■ **WORK INSTRUCTION**
Leave the pictures out and write out the rest of the listing word for word.

■ **DATA BLOCK**
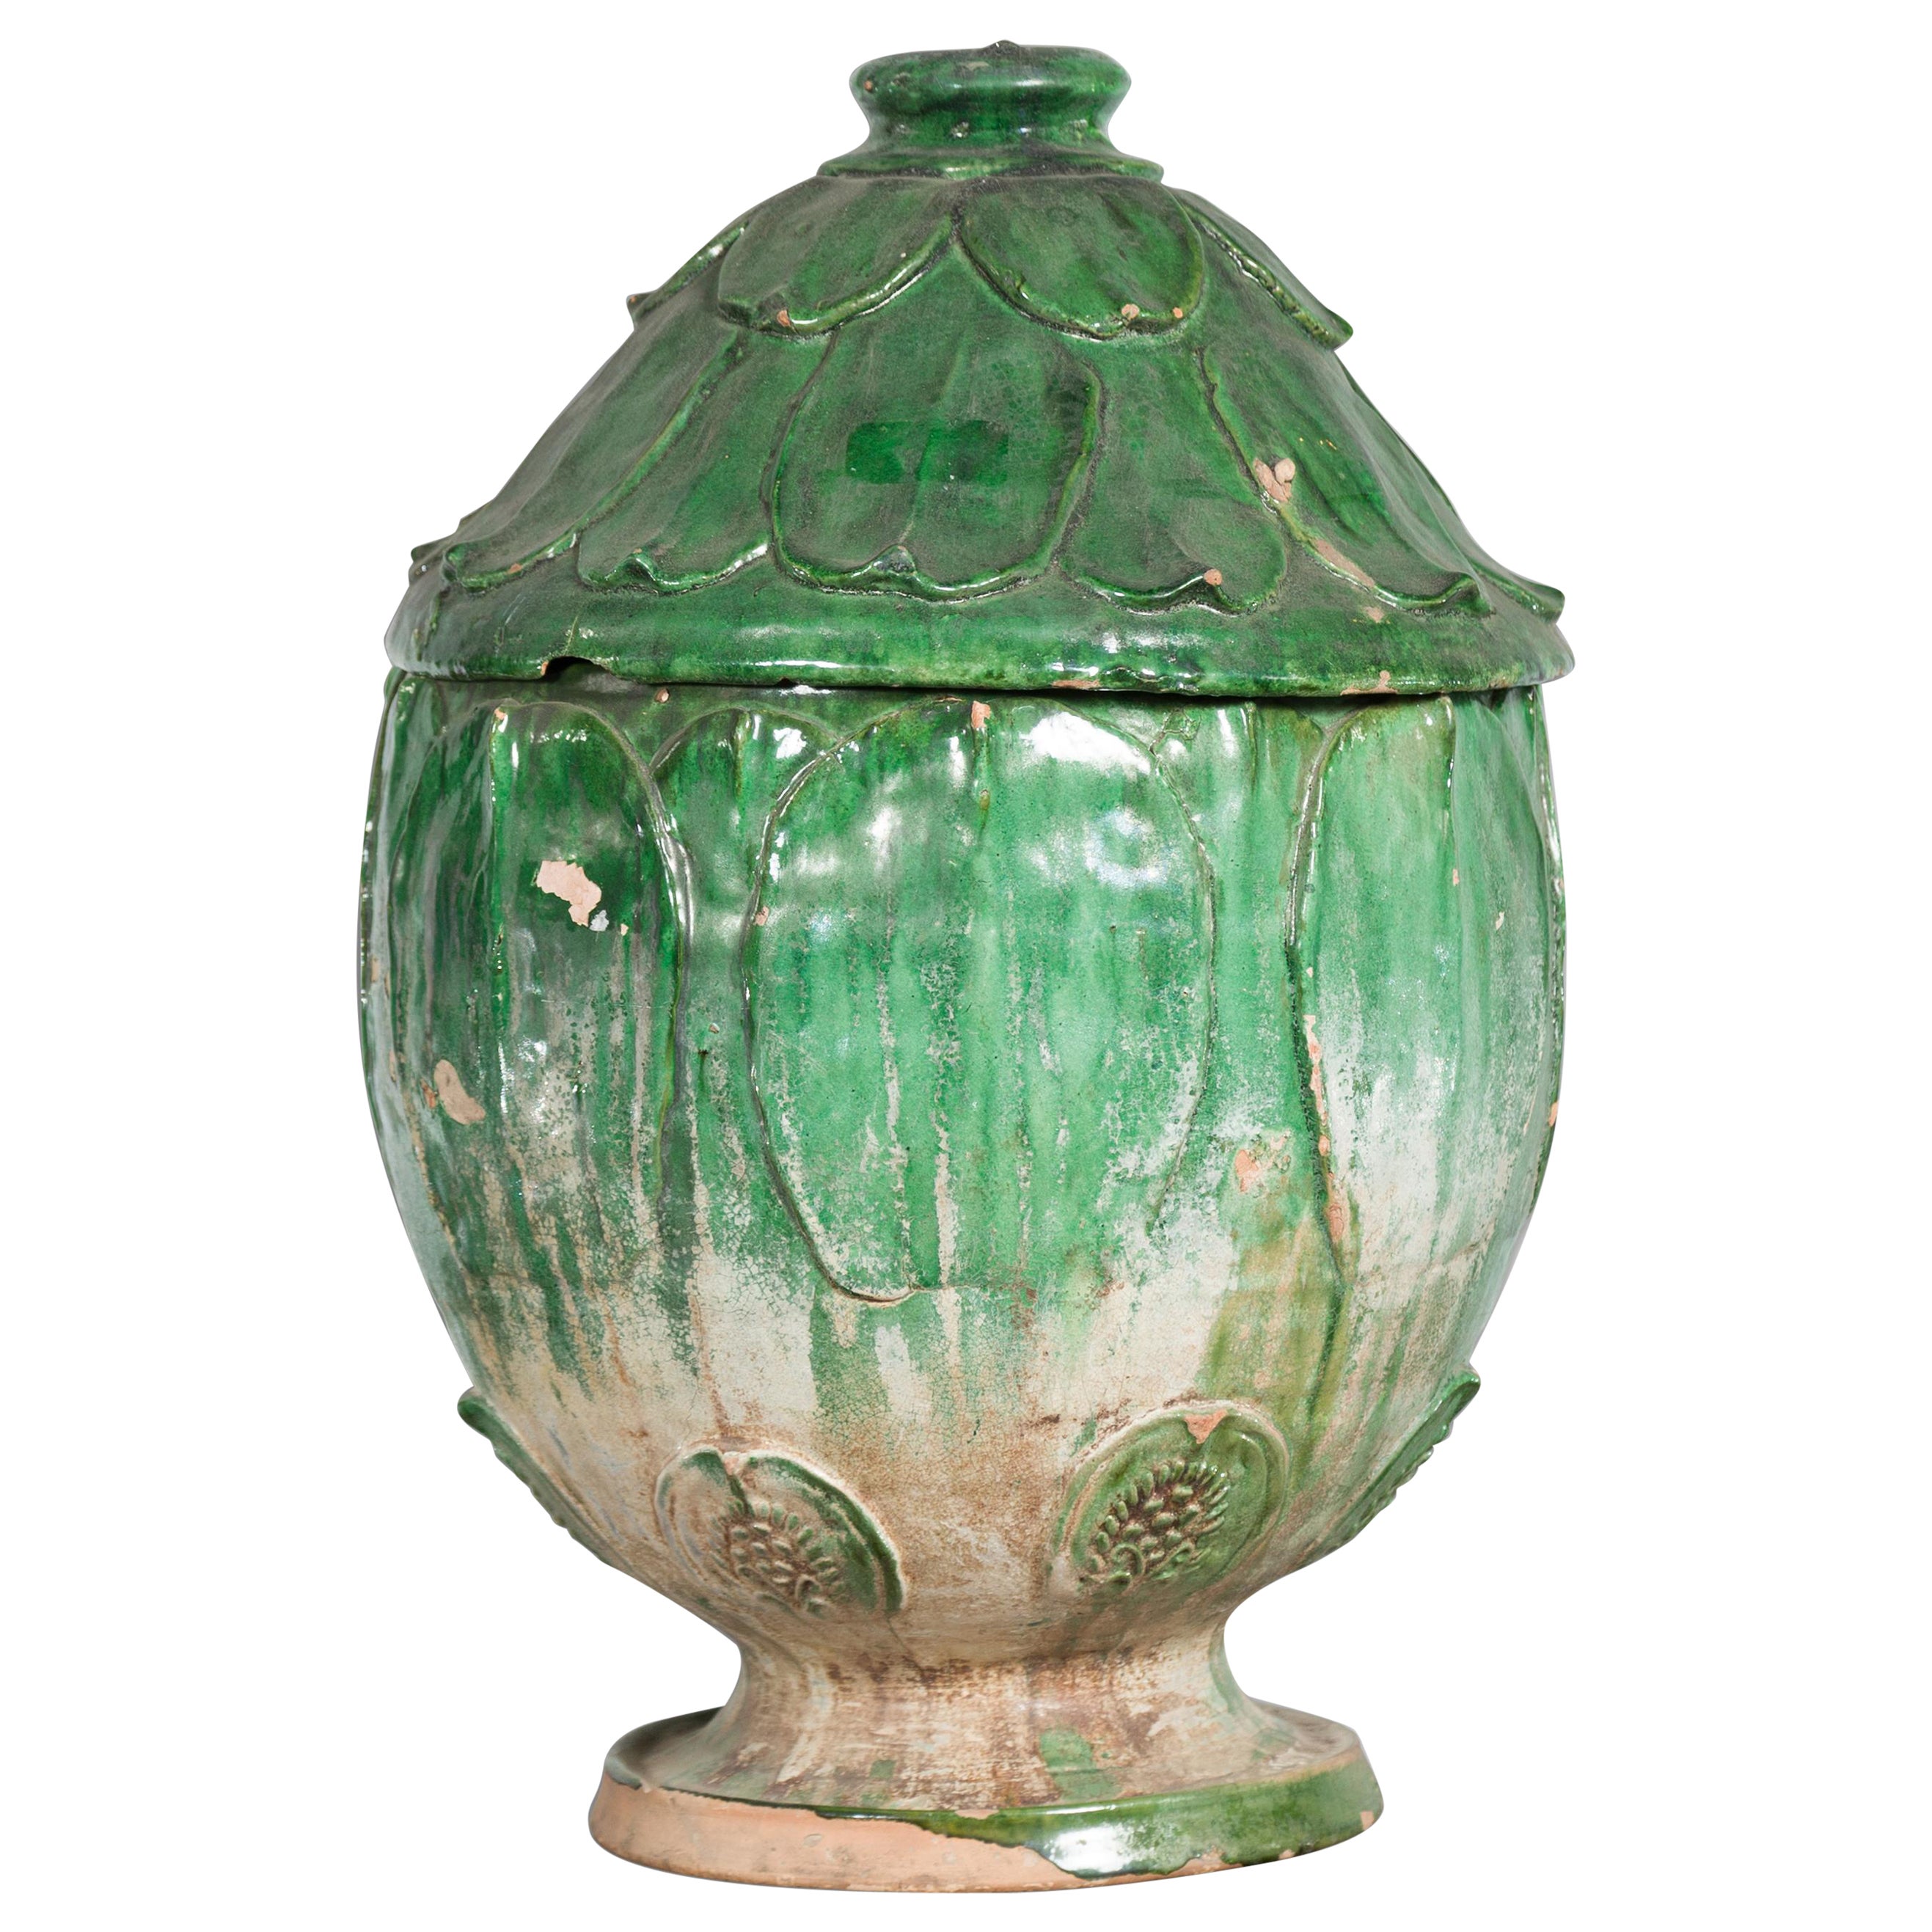 14th Century Yuan Dynasty leaf-green glazed lotus burial jar
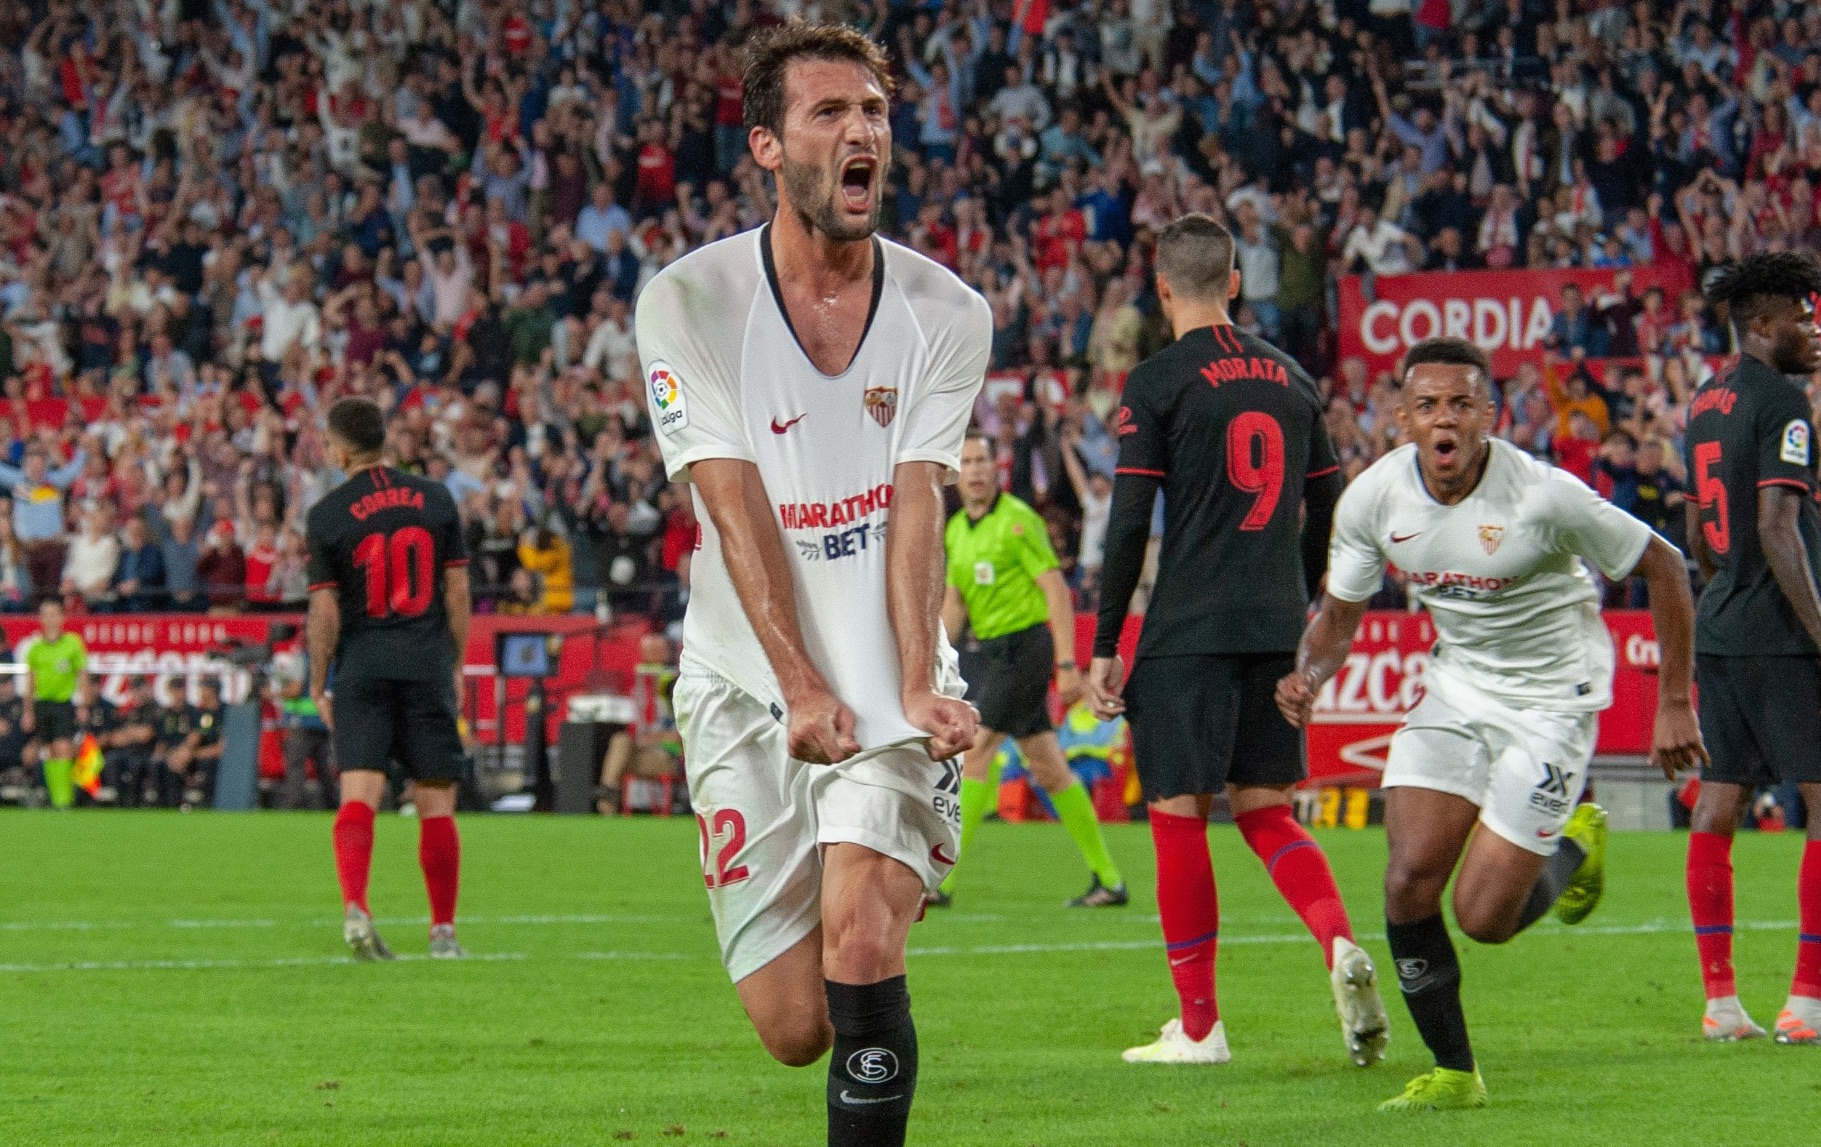 Franco Vázquez celebrates his goal vs Atlético
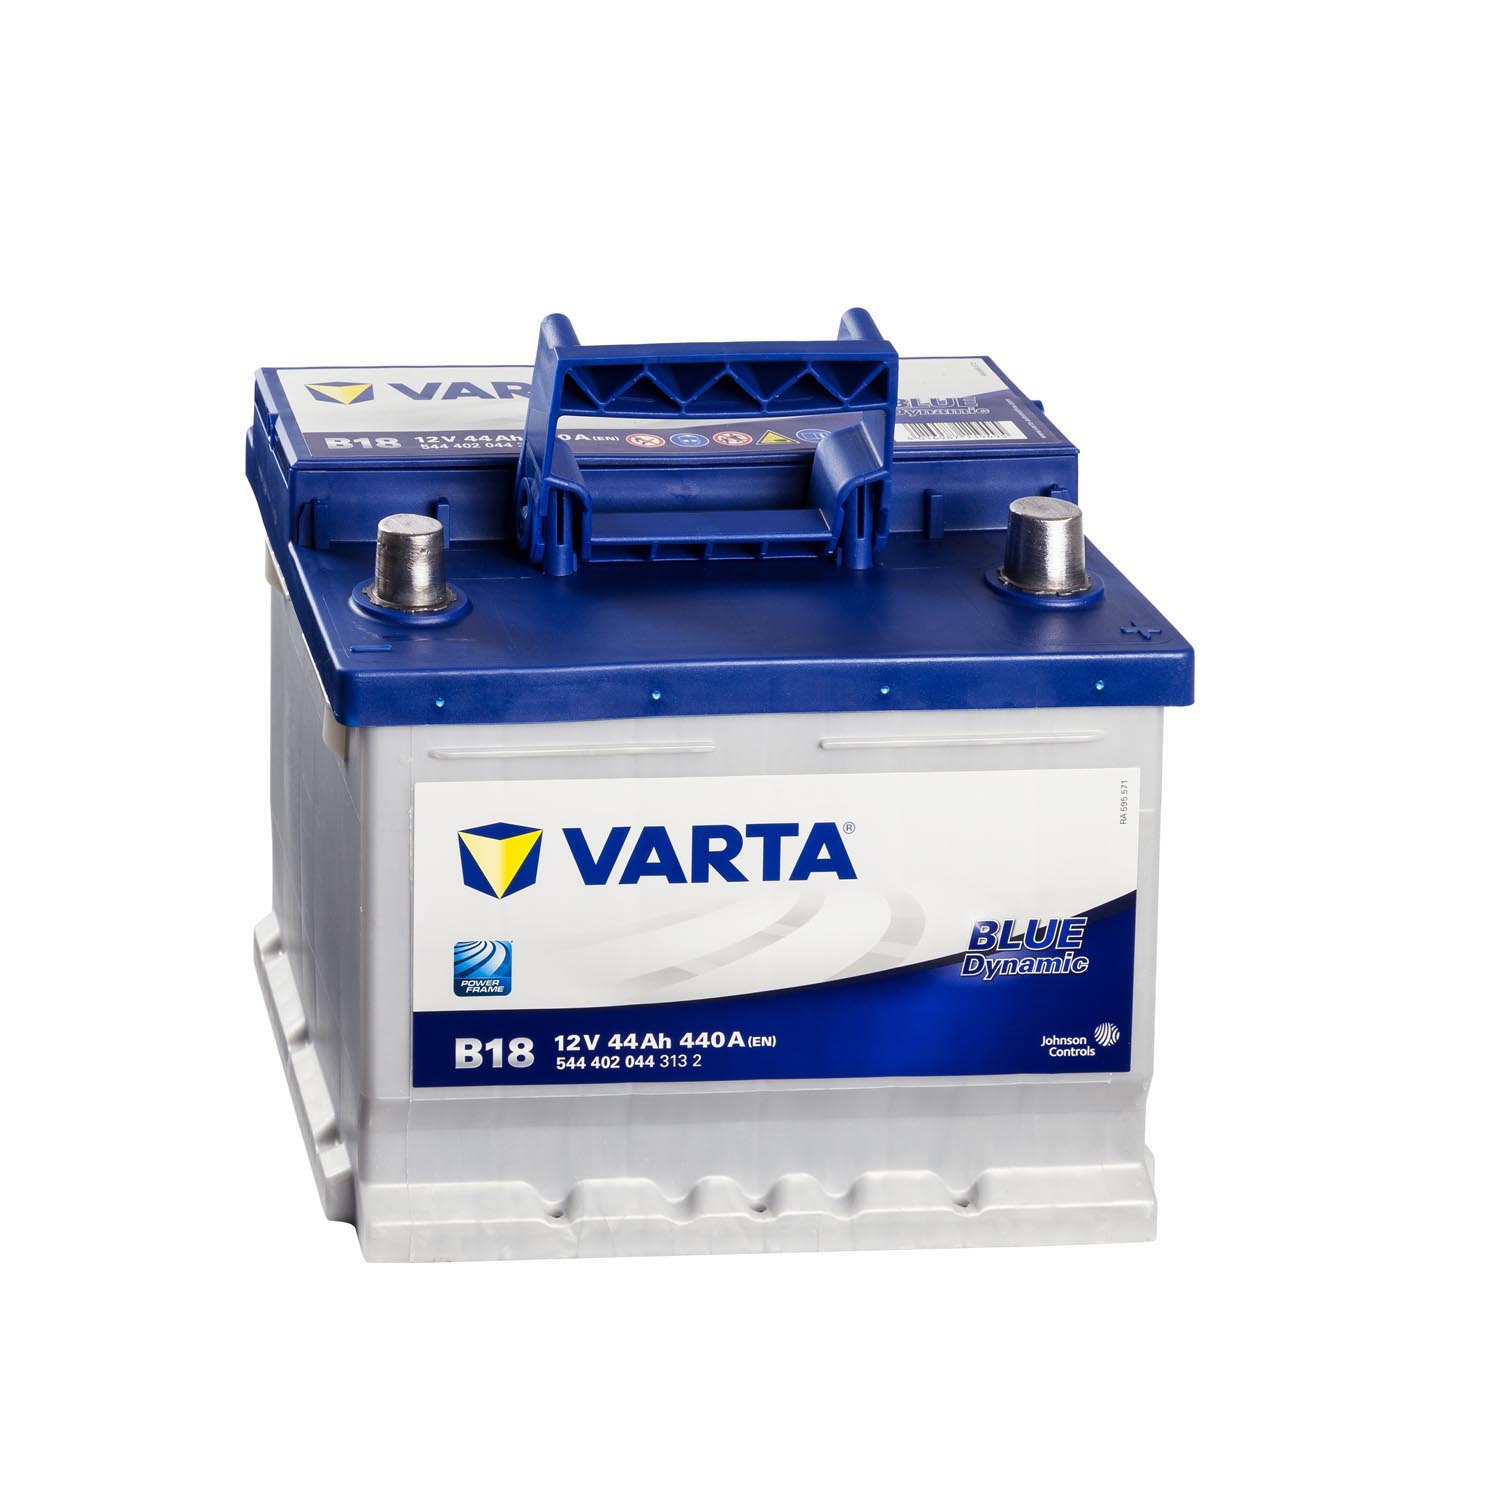 B18 Varta Blue Dynamic Car Battery 12V 44Ah (544402044) (063)

■ **ANSWER AREA**
 14th Century Yuan Dynasty leaf-green glazed lotus burial jar
 Franco Vázquez celebrates his goal vs Atlético
 B18 Varta Blue Dynamic Car Battery 12V 44Ah (544402044) (063)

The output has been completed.